7;s new policy states that all streaming gaming apps must only “follow all the guidelines” for non-streaming apps. This means that “each game update must be submitted for review, developers must provide appropriate search metadata, games must use in-app purchases to unlock features or functionality, etc.”

More than that, though, each game in a multi-game streaming subscription must be submitted separately for review by the App Store. That step is necessary so that each game can “[have] an App Store product page, displayed in charts and searches, [have] user ratings and review … managed with ScreenTime and other parental control apps, displayed on the user’s device, etc. “

Besides being a logistical headache, this can also serve as a licensing issue for some streaming game vendors. A service like Stadia, for example, must acquire not only the rights to stream third-party games as part of the service, but also the rights to submit the game as a standalone iOS app of any kind.

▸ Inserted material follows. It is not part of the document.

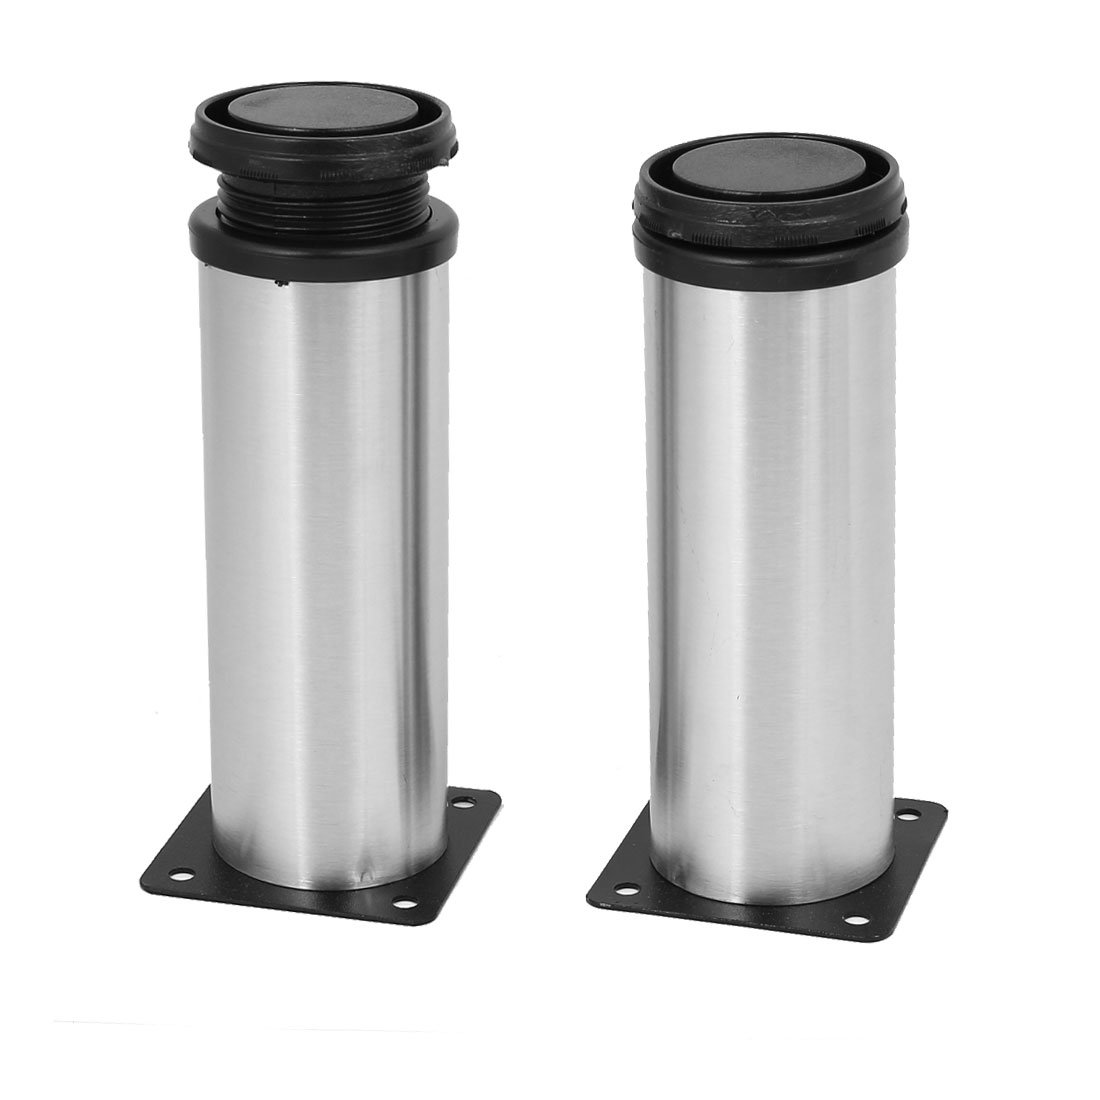 uxcell Bathroom Cabinet 50mm x 150mm Metal Adjustable Leg Feet Round Stand 2PCS

Individual gaming apps for streaming on iOS can be gathered in a unique “catalog app”, similar to GameClub’s collection of downloadable iOS games. But every single game in the catalog “must link to a single App Store product page.” The service as a whole must also offer an option in the app for new subscribers, although users who subscribe outside the app will also be able to use it.

Apple also requires that streaming game subscriptions do not “inconvenience non-subscribers.” It seems to suggest that each streaming game app must be at least minimally functional on its own, with no subscription, even if it means providing only a short, time-limited demo of the game in question. We have contacted Apple for clarification on how this can work for game streaming apps.

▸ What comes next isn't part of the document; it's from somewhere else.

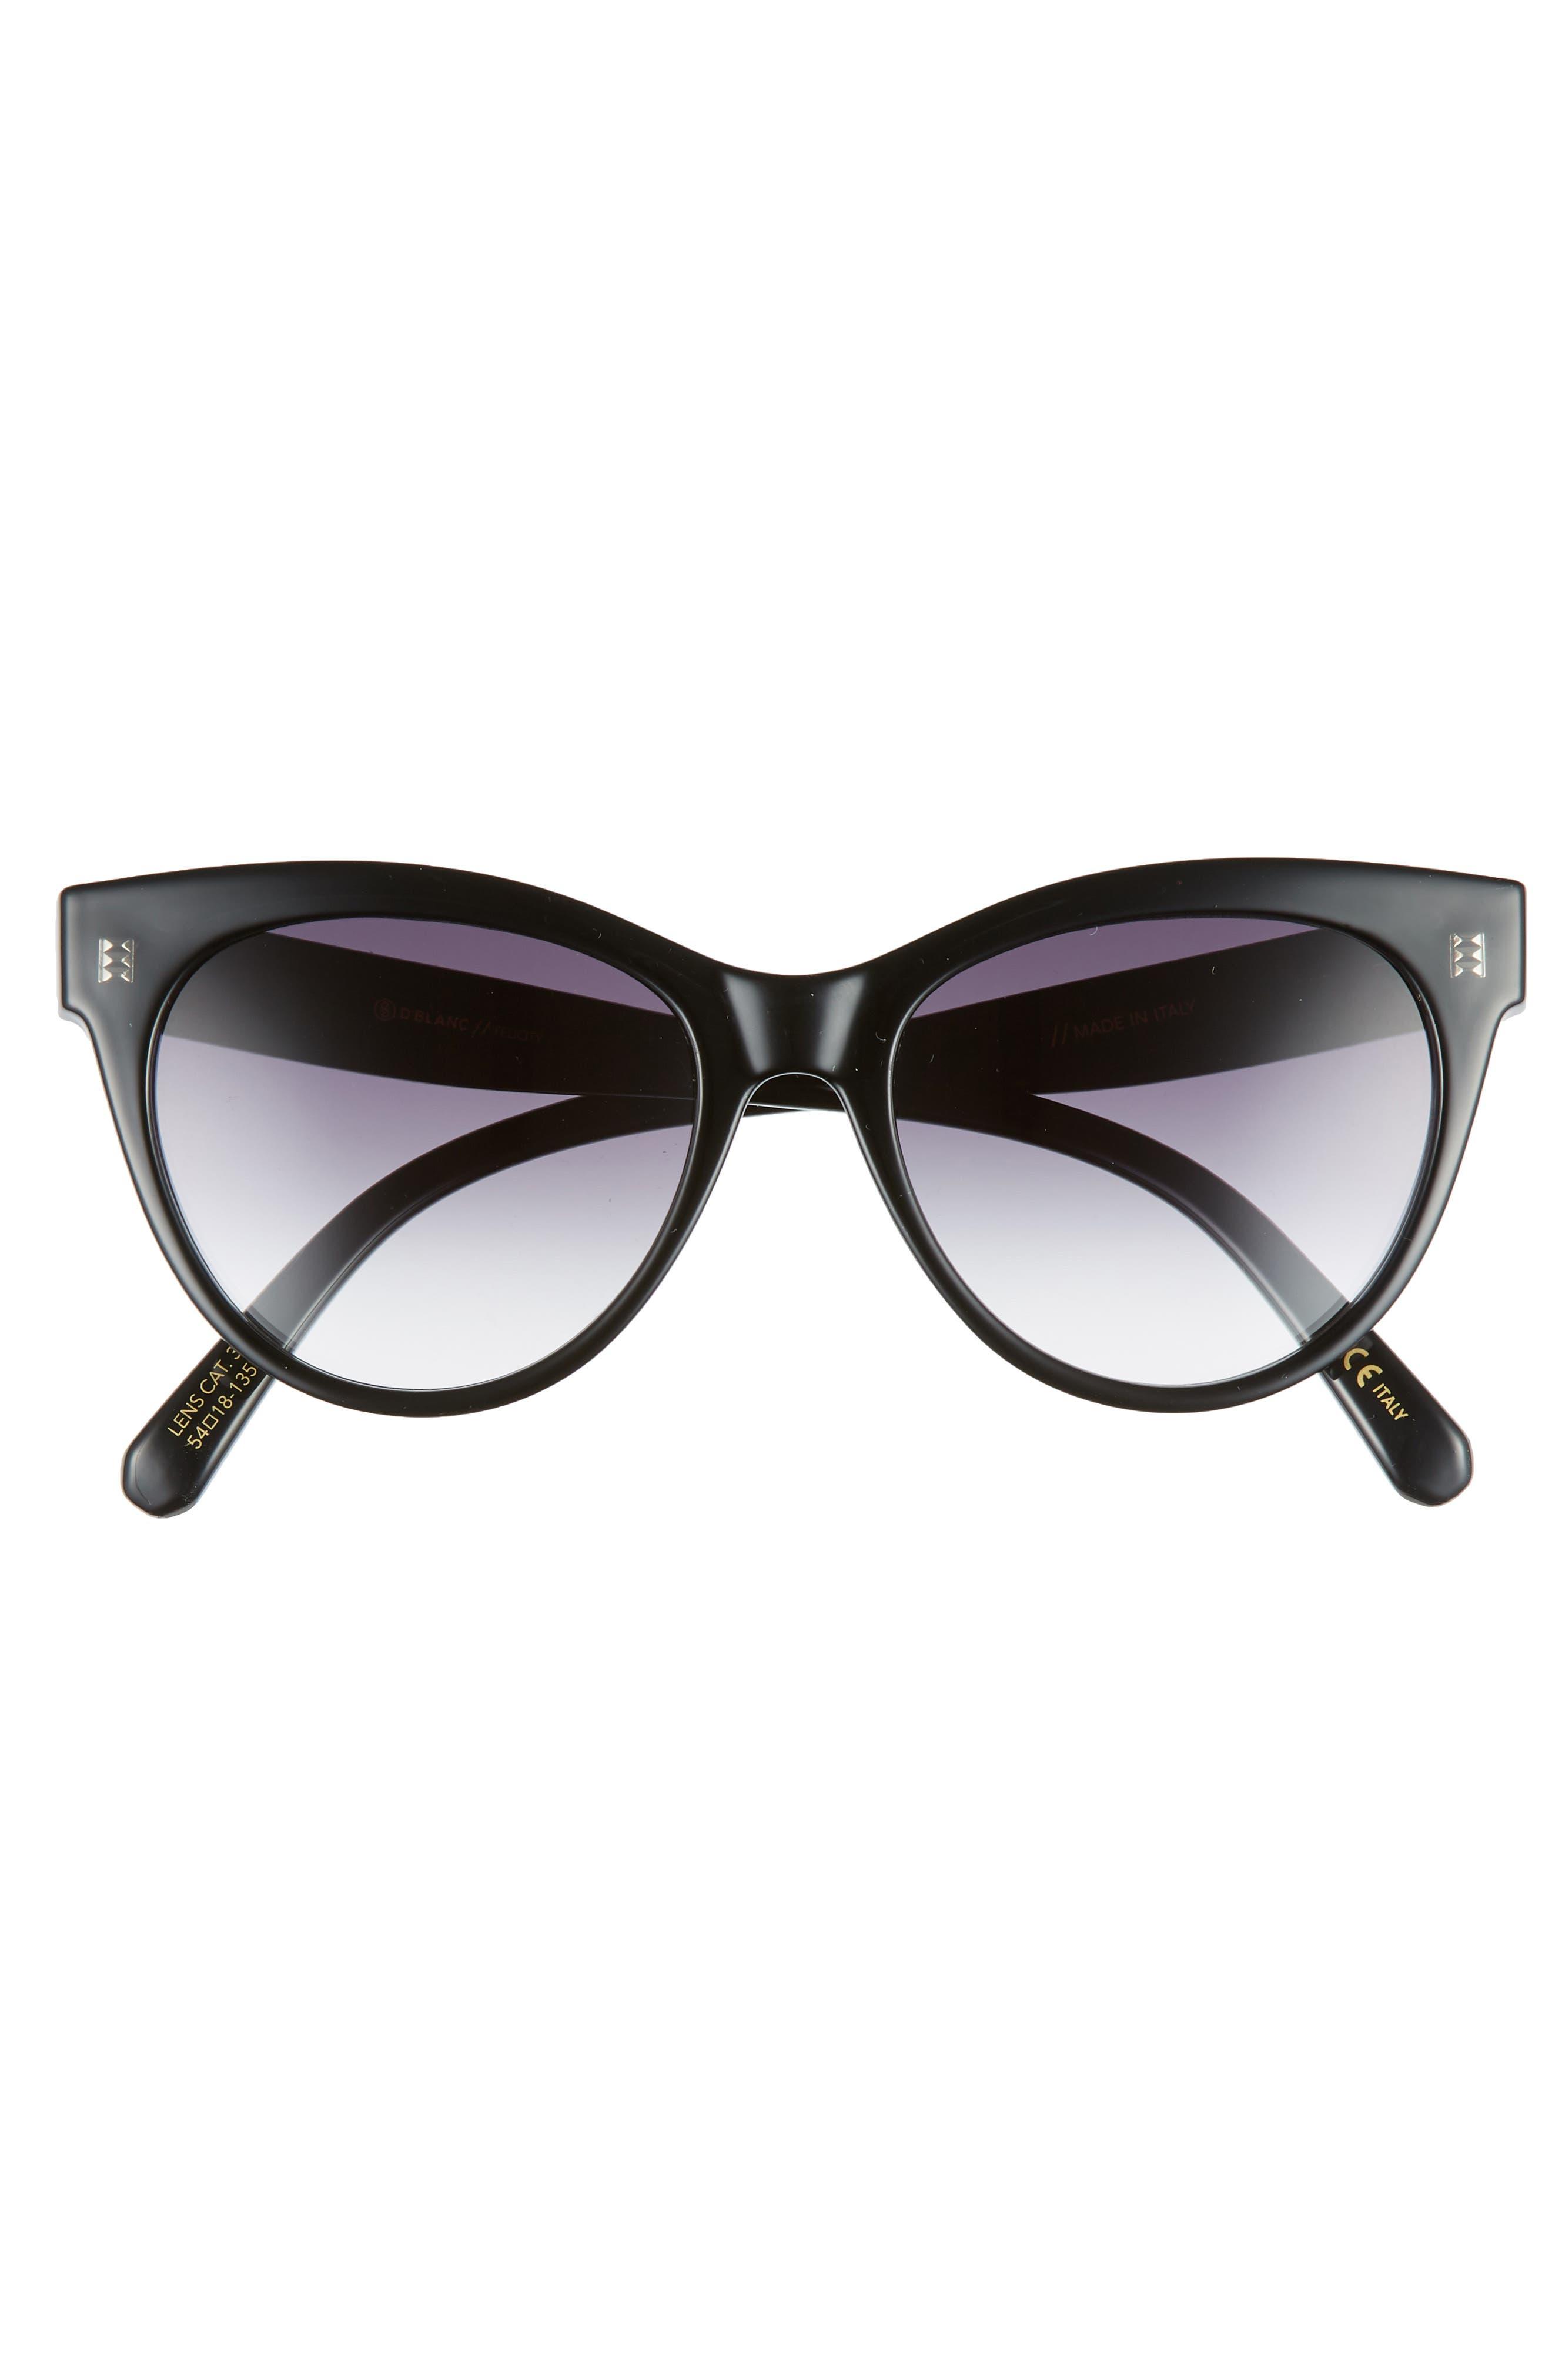 D'BLANC Felicity 54mm Cat Eye Sunglasses,                             Alternate thumbnail 3, color,                             001

When Ars was contacted, Google representatives declined to comment on the new policy. Microsoft representatives did not respond to a request for comment from Ars.

[[[[Update: In a statement issued to the media, Microsoft said: “This is still a bad experience for customers. Players will jump directly into a game from their curated catalog in an app, just as they do with movies or songs, and not be forced to download over 100 apps to play individual games from the cloud. We are committed to putting players at the center of everything we do, and providing a great experience is at the heart of this mission. “]

To crack the door

It should be clear by now that Apple’s guidelines for game streaming differ significantly from those that apply to other streaming subscription services on the App Store. Netflix does not need to submit individual movies for Apple approval or offer each movie as its own “app”, to cite one of many examples.

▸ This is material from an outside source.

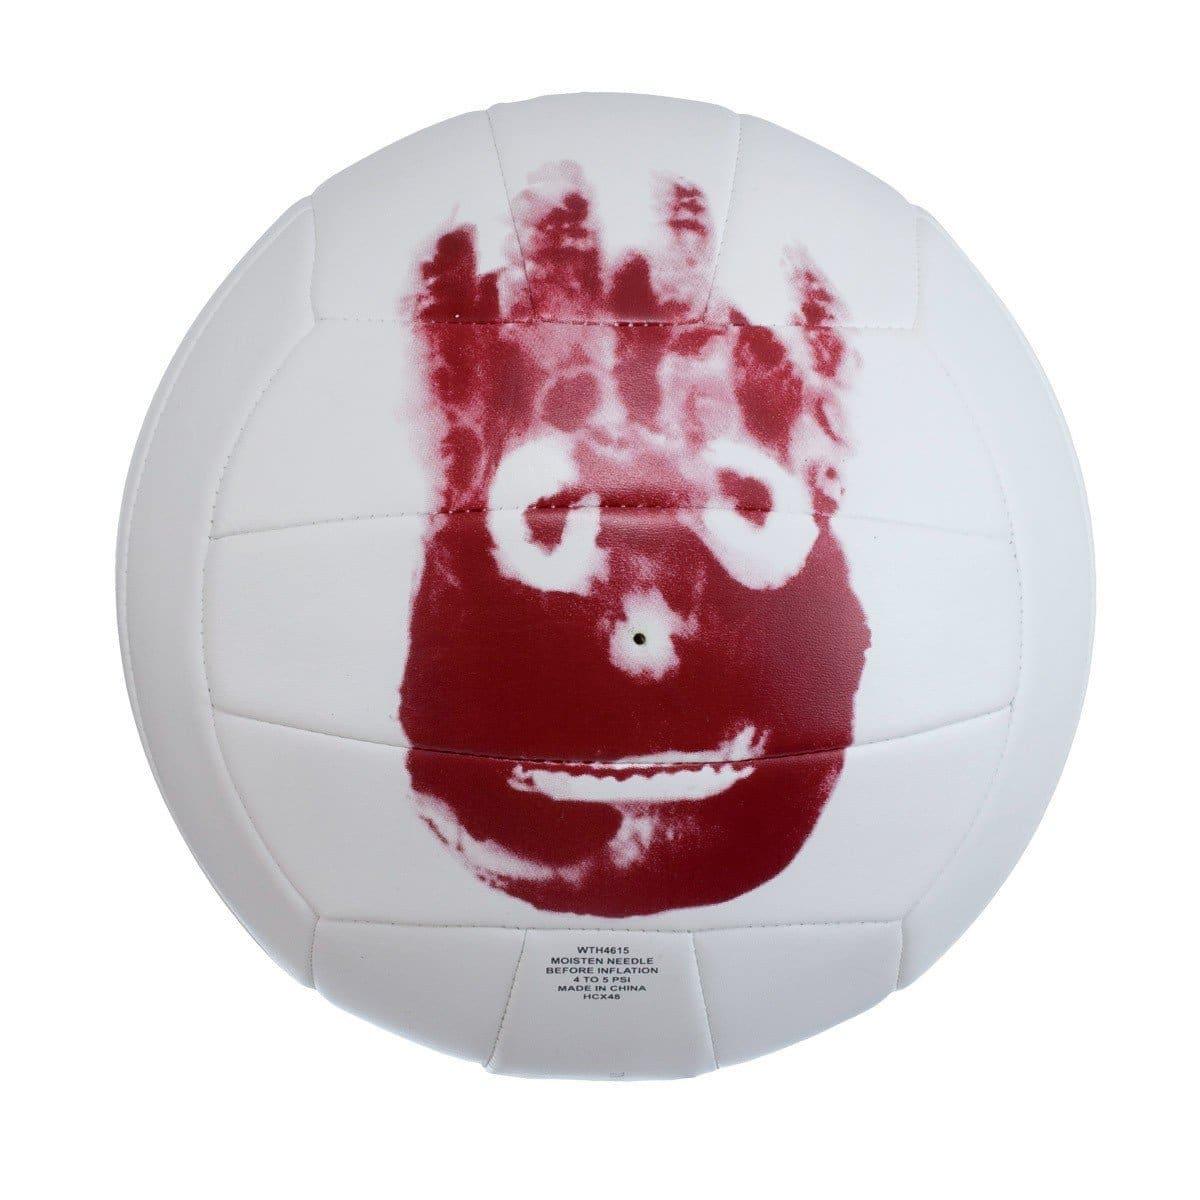 Ballon Wilson insolite

Microsoft noted so much in a statement last month, as the App Store policy did not allow streaming apps at all. “[Apple] consistently treats gaming apps differently, applying softer rules to non-gaming apps, even when they include interactive content, “the company said at the time. All games available in the Xbox Game Pass catalog are ranked for content by independent industry rankings such as the ESRB and regional equivalents. “

Elsewhere in the new policy, Apple now allows iOS apps that act “as a stand-alone companion to a paid online tool.” Such apps are fine as long as they do not offer in-app purchases “or in-app purchases outside the app.” This cut-off seems particularly targeted at services like Basecamp’s hey.com email, which came in a hot battle with Apple earlier this summer.

Apps that deal with real-person experiences from person to person can now facilitate payments without using Apple’s purchasing tools in the app, the company says. This exception only applies to “one-on-one” experiences between two people, but not one-to-many broadcast situations.

Finally, “browser” apps like Netflix or Kindle (ie apps that only use content or subscriptions purchased elsewhere) can now offer account creation for existing free levels of services, as well as account management tools for current subscribers, without breaking Apple’s rules.

Today’s policy changes come after Apple opened the app review process to provide more feedback and flexibility from developers who break company rules.